From what I've been reading tubeless tires don't flat as often as tubed but I have to think sooner or later it will happen so.... 

For all you folks that run tubeless tires how do you repair a flat on the side of the road? What do you need to carry with you?

If you're running a wheel like Dura Ace 7850's can you just install a tube to finish the ride? Do you need any tools to pull the valve stem?

I also noticed there's not a lot of tire options for tubeless. Again using 7850's as an example if I decide to stay with a tube set up can I use any tire or do I still need to run a tubeless style tire?

Thanks


----------



## MerlinAma (Oct 11, 2005)

I have new Dura Ace tubeless wheels that I haven't ridden since the tires have not arrived.
It is my understanding that on the road, you would put in a tube to finish a ride. 
A friend has the Ultegra tubeless wheel but runs regular tires/tubes all the time as the tubeless tires are expensive.


----------



## pmt (Aug 4, 2009)

It's really pretty easy, if you understand it. Practice at home when comfortable, and not out on the road. Learn how to do it first!

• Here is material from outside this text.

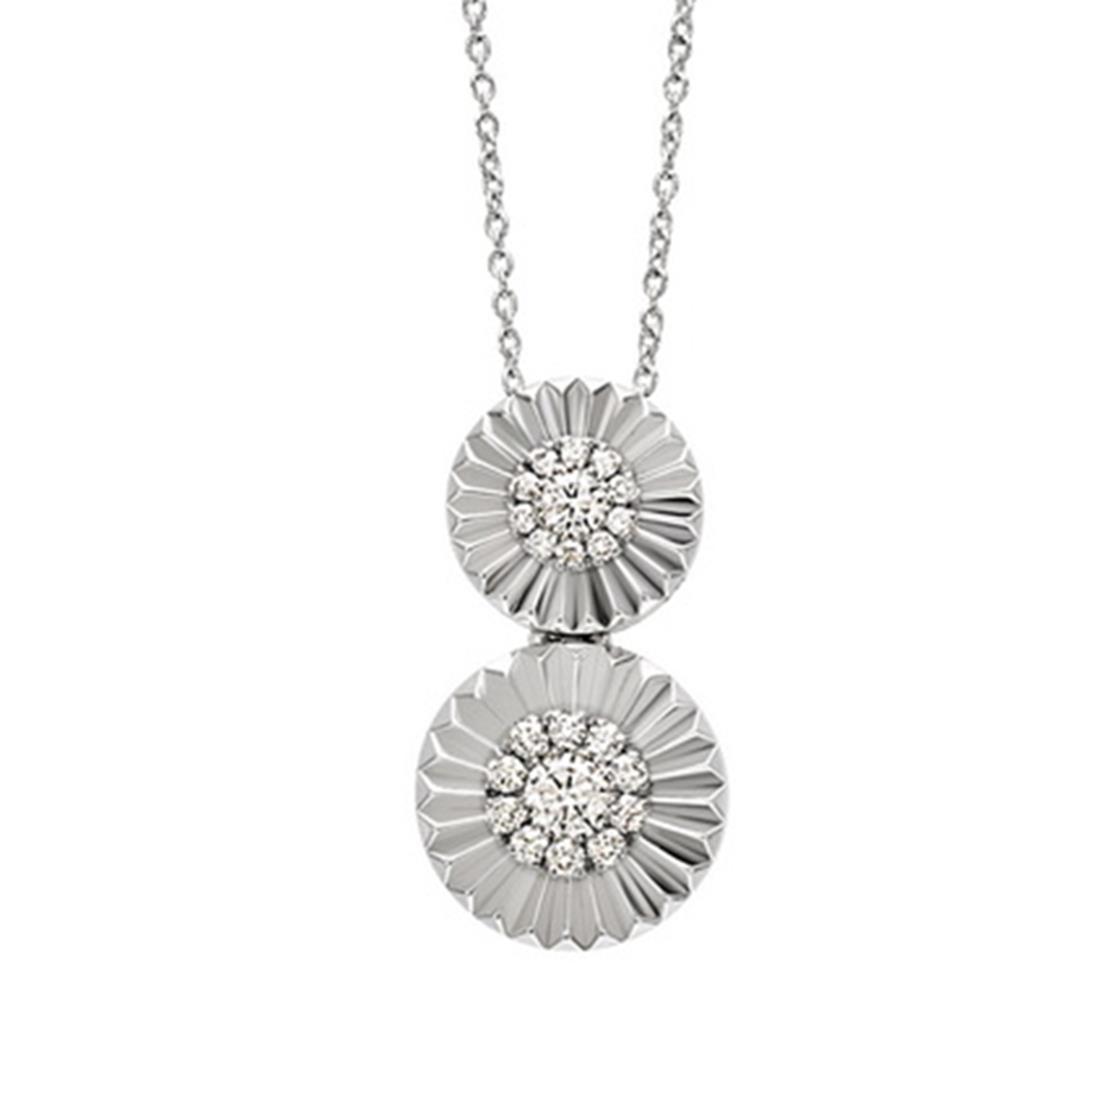 Collana con pendente con diamanti ct. 0,18 - BLISS

If your sealant doesn't catch it, the patch is easy. You unmount just the part of the bead where the hole is and fold it around while you work on it. You take your little bottle of acetone, wet your little cloth, and clean the area that you're patching.

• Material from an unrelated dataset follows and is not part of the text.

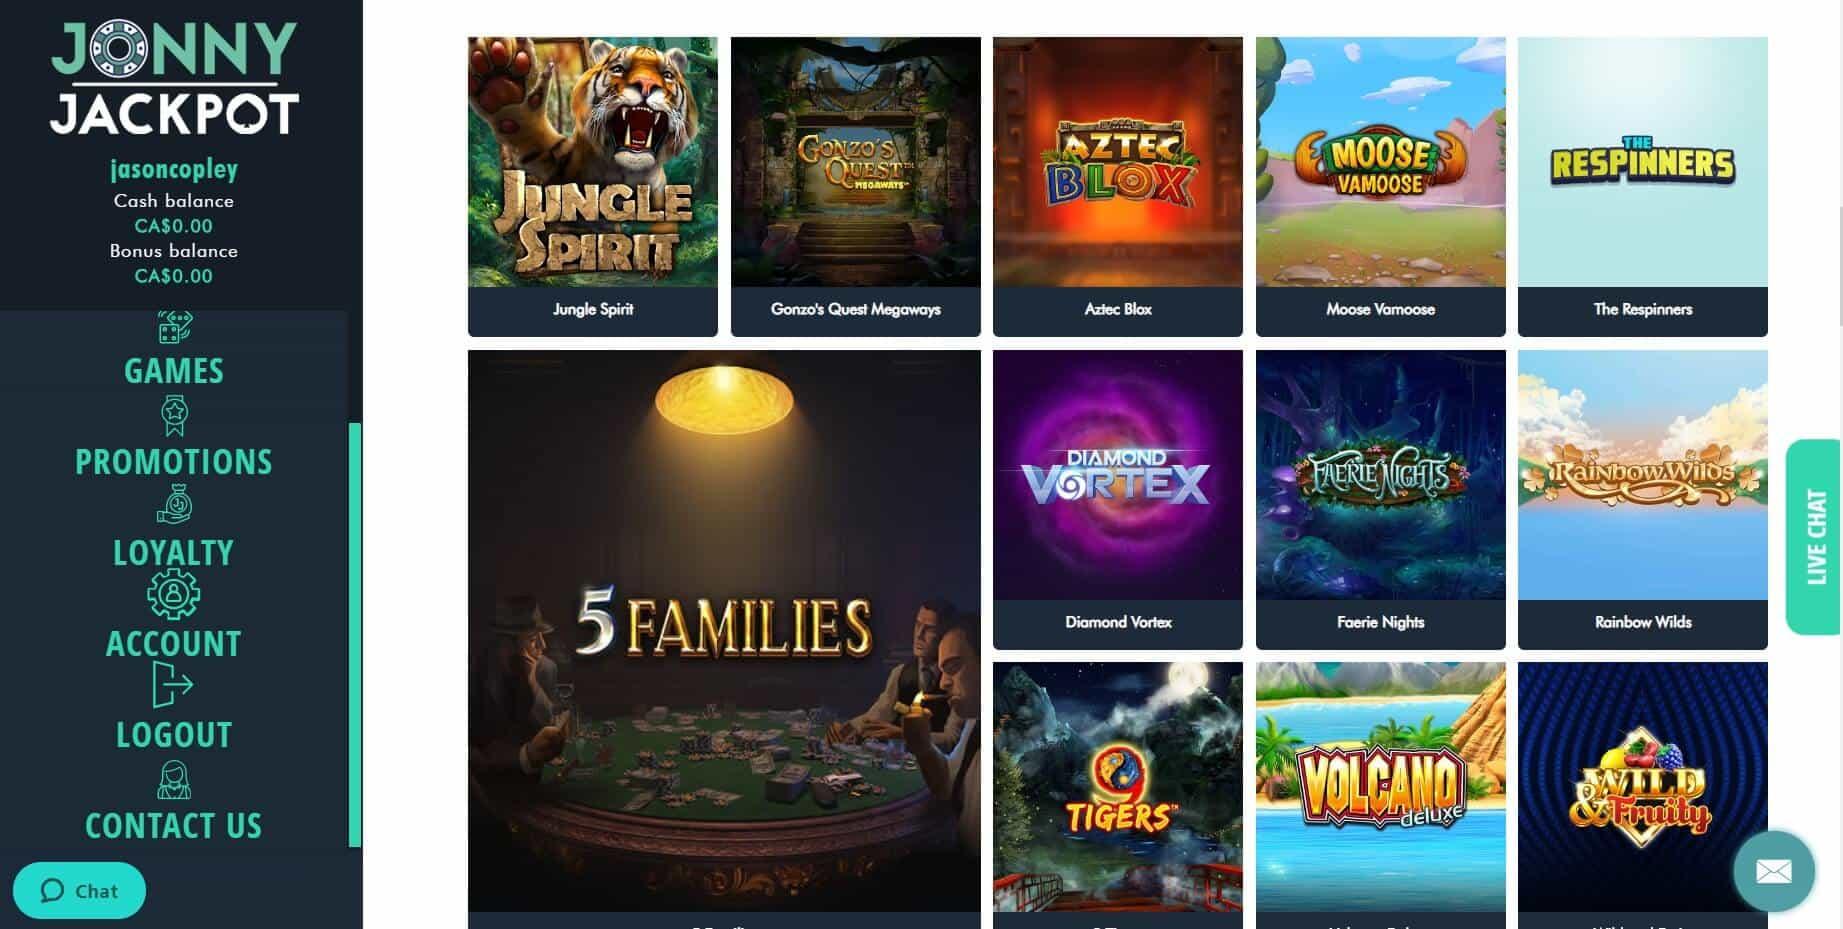 jonny jackpot Casino slots

Then you use the glue from the standard patch kit and rub that one. Let it dry. Then stick the patch on. You can leave the plastic on there.

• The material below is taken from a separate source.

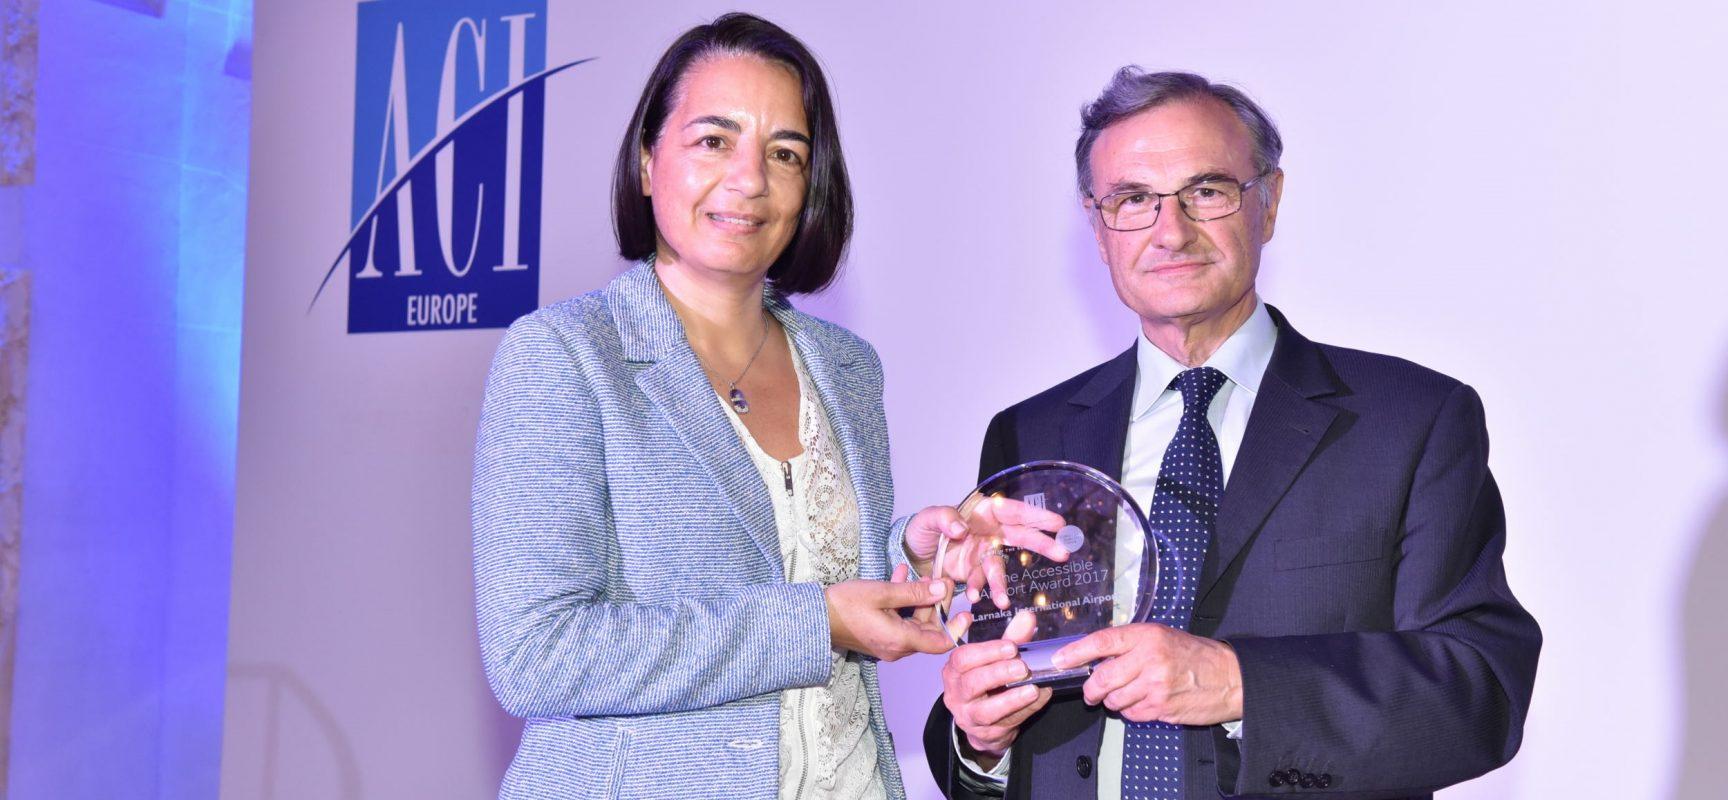 Aeroporto di Napoli vince ACI Europe AWard

Remount the bead, inflate with CO2, and go. No need for any follow-up, it's a permanent fix.

Road Tubeless is a little different than tubular or clincher, so you really have to understand it and practice the repair at home. Of course you could put a tube in, but that requires later followup- too much trouble for me.


----------



## dudigrinfeld (Aug 18, 2010)

you repair it by putting a new inner tube inside and basically turn your tubeless wheel set to regular clincher.


----------



## localcyclist (May 9, 2008)

my go to repair option on the mtb is to plug the whole. i use the genuine innovations tubeless repair tool and a rubber band coated in patch glue. the tool is used to push the rubber band part way through the whole from the outside. when you pull the tool out the rubber band unstretches and expands filling the whole while the glue seals it. onnce sealed trim the excess down flush with the surface of the tire using small nail clippers or something sharp. the tool does come with these rope things which work ok but are temporary while the rubberband makes a permanent plug.

this works well for mtb tires which are obviously much lower pressure. i havent tried it yet on the road bike because after three years i haven't had to, every small puncture was sealed by stans.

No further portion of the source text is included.